## [Problem statement]
With the pictures removed, please write out every line below exactly as given.

## [Supplied material]
──────────

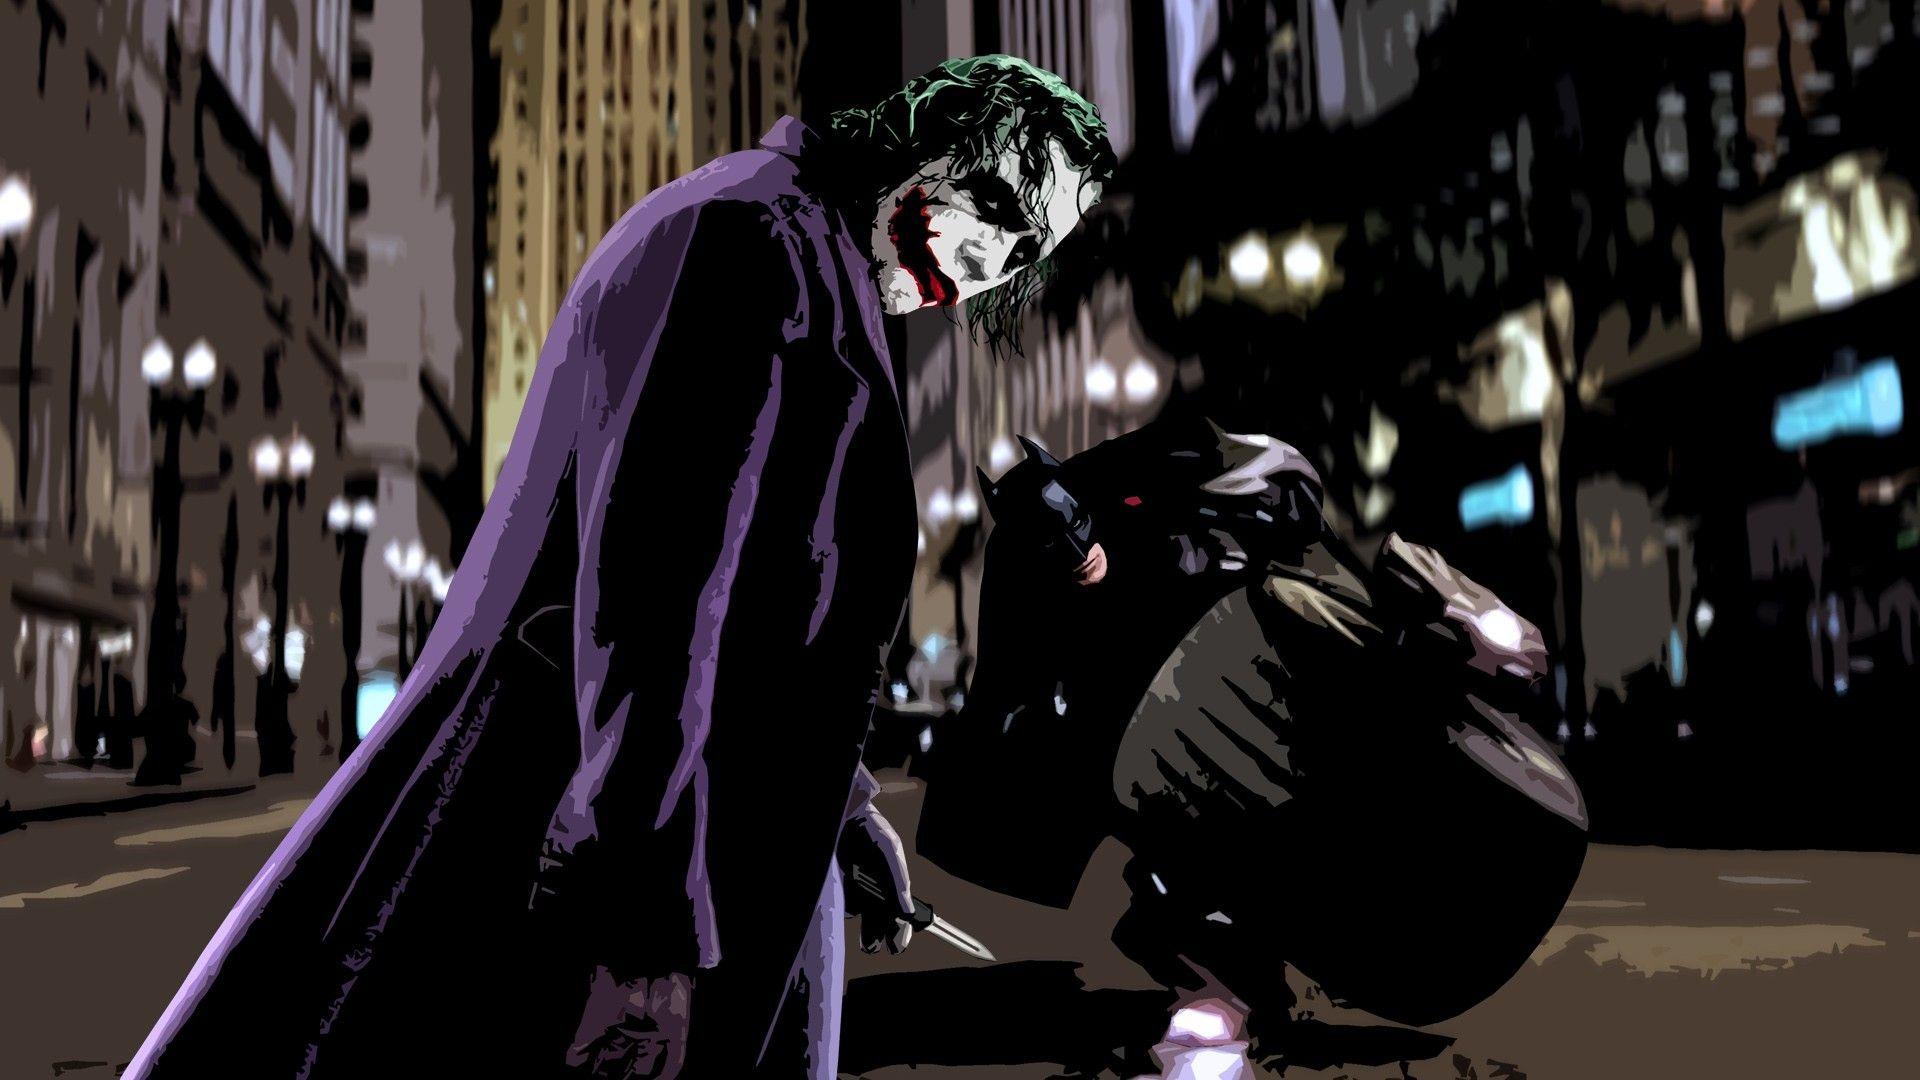 Batman And Joker Wallpaper For Desktop 9
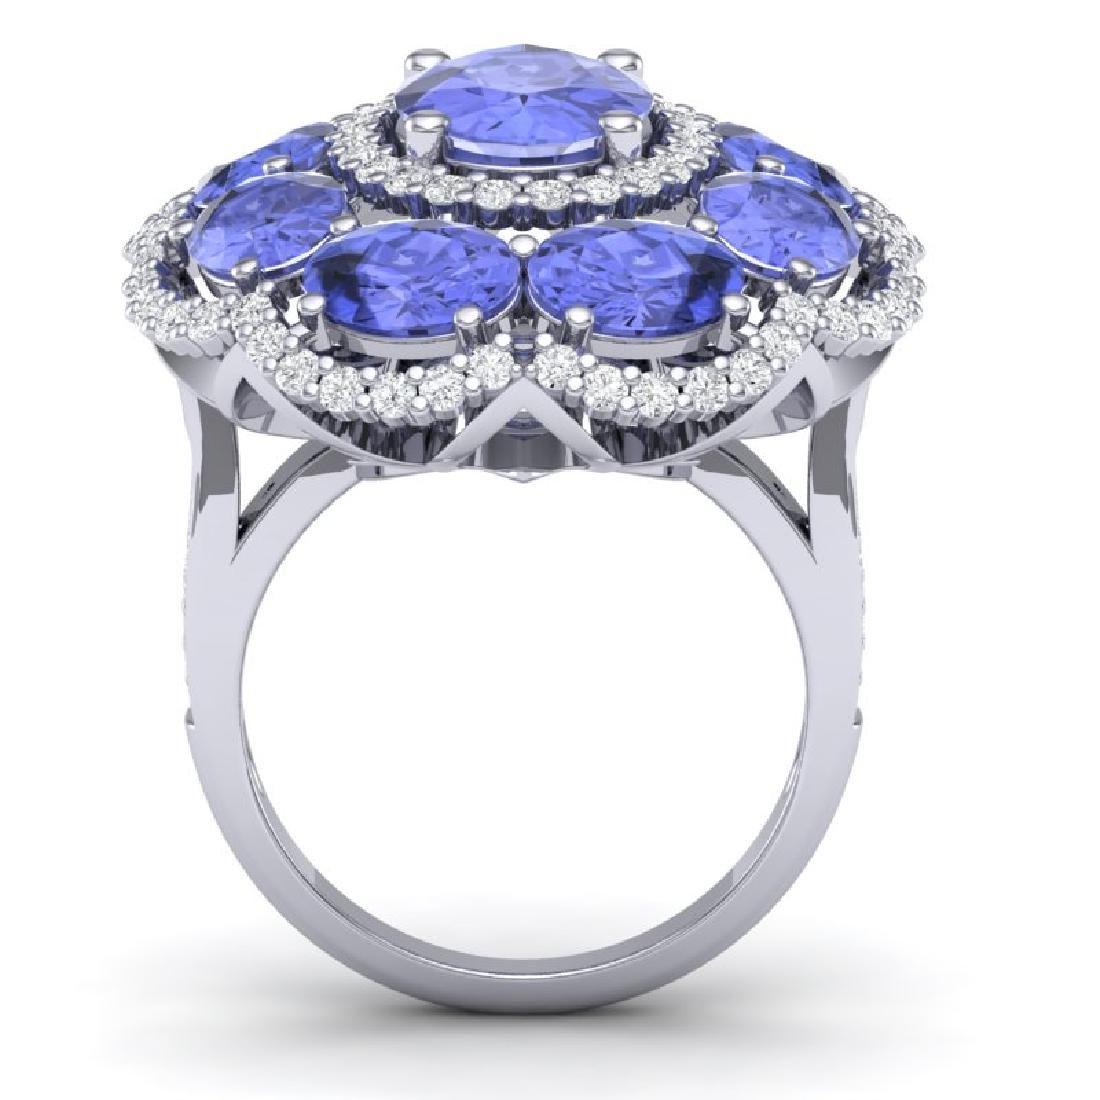 15.24 CTW Royalty Tanzanite & VS Diamond Ring 18K White - 3
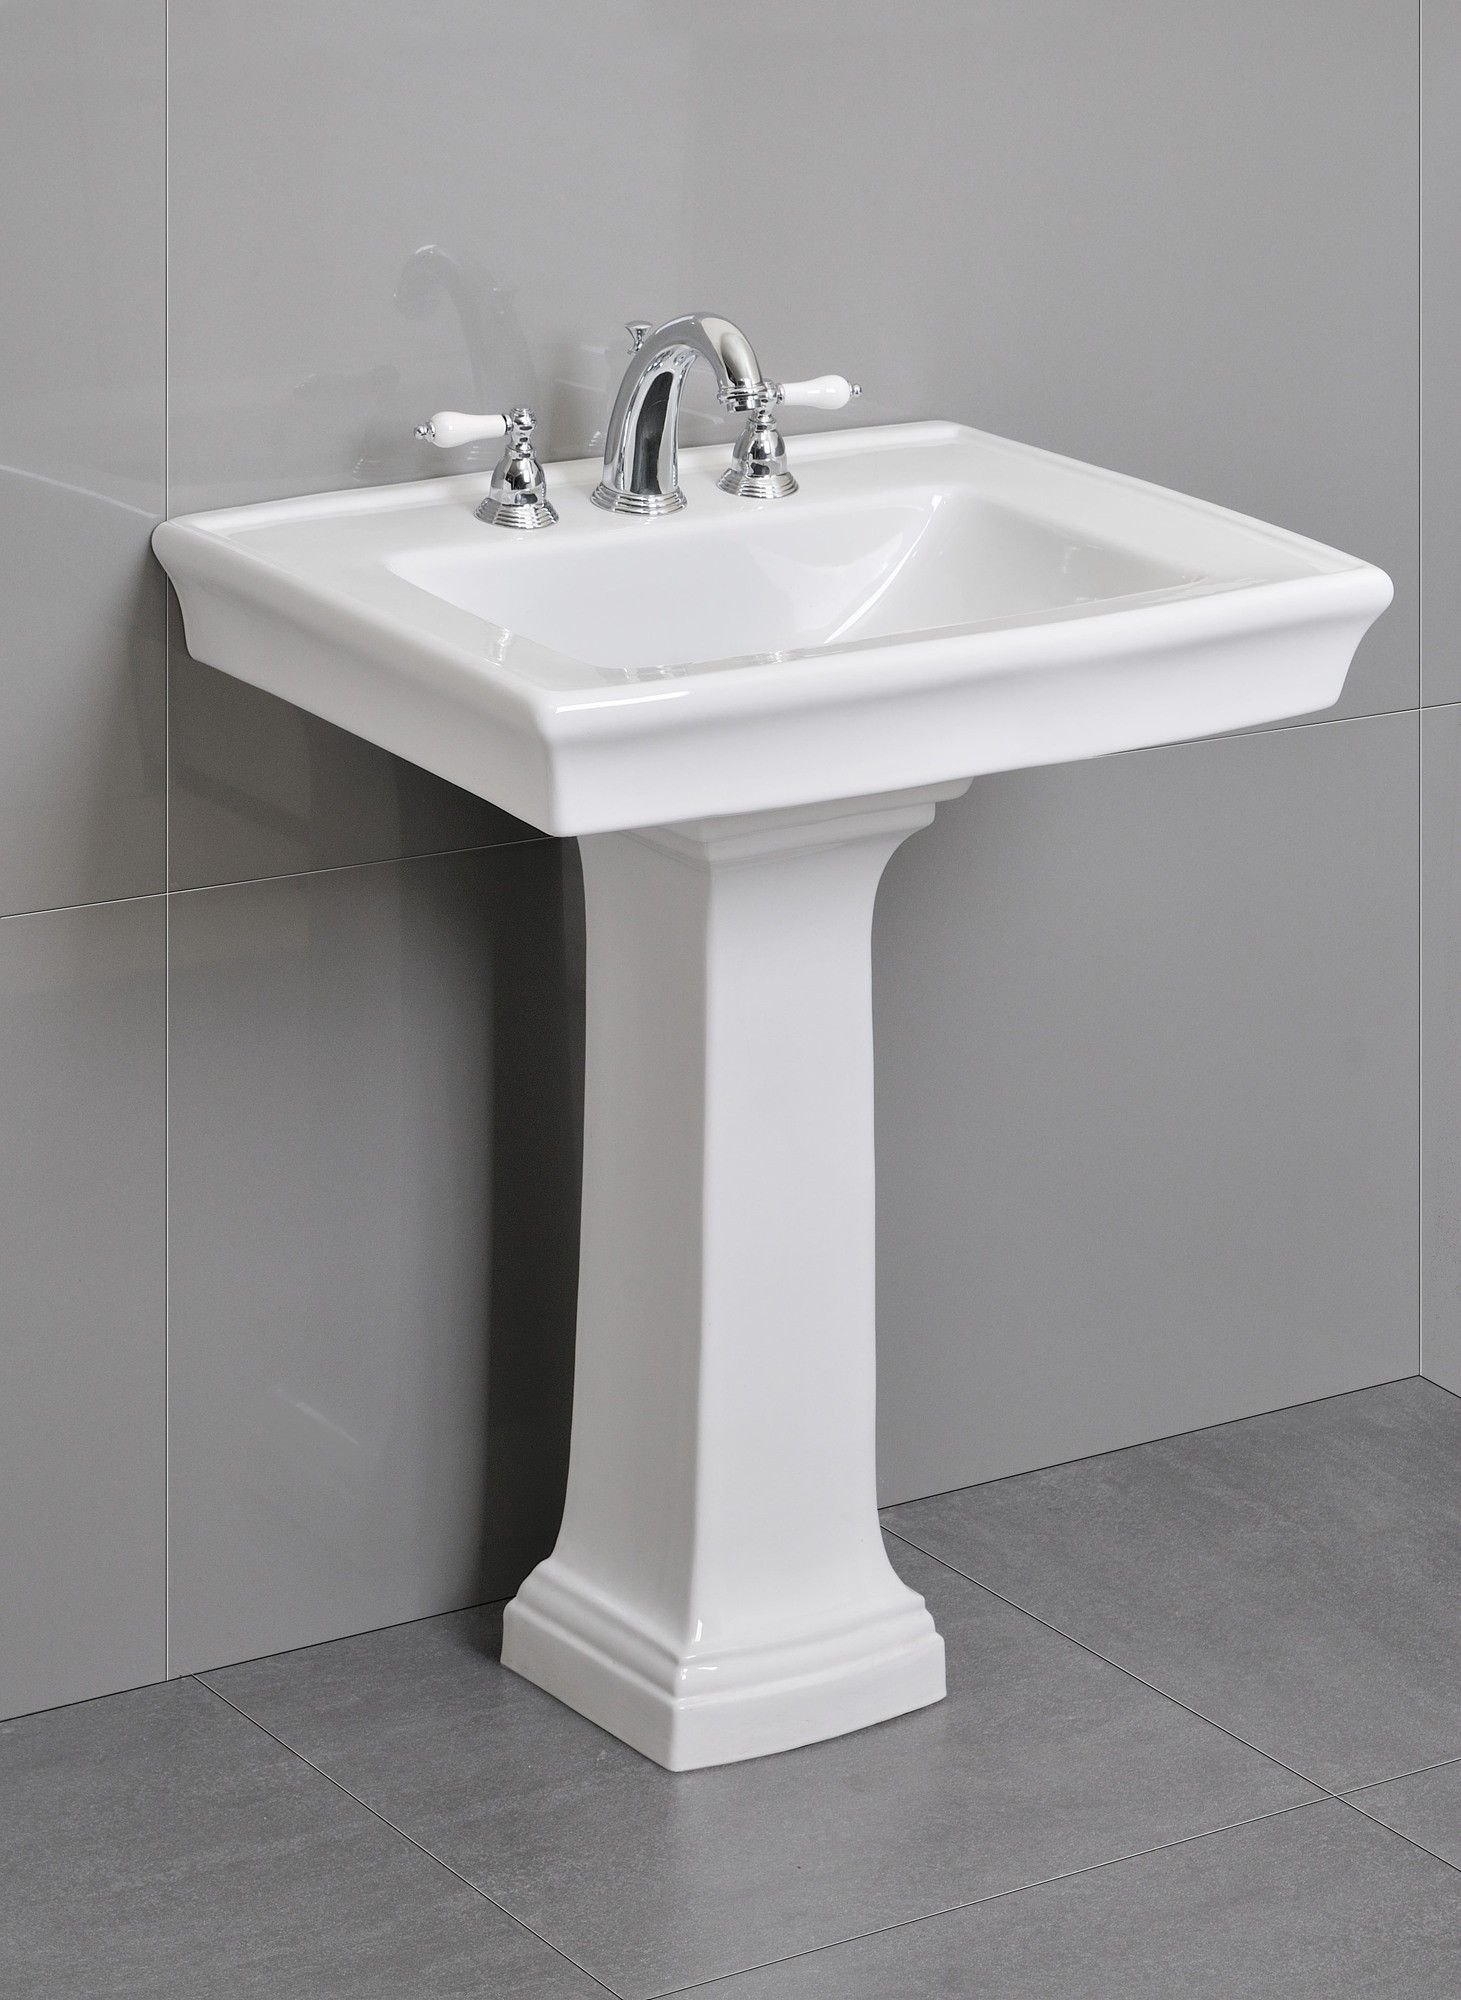 Icera Julian Pedestal Sink Lp 2320 100 Bathroom Ideas

──────────

## [Result]
 Batman And Joker Wallpaper For Desktop 9
 15.24 CTW Royalty Tanzanite & VS Diamond Ring 18K White - 3
 Icera Julian Pedestal Sink Lp 2320 100 Bathroom Ideas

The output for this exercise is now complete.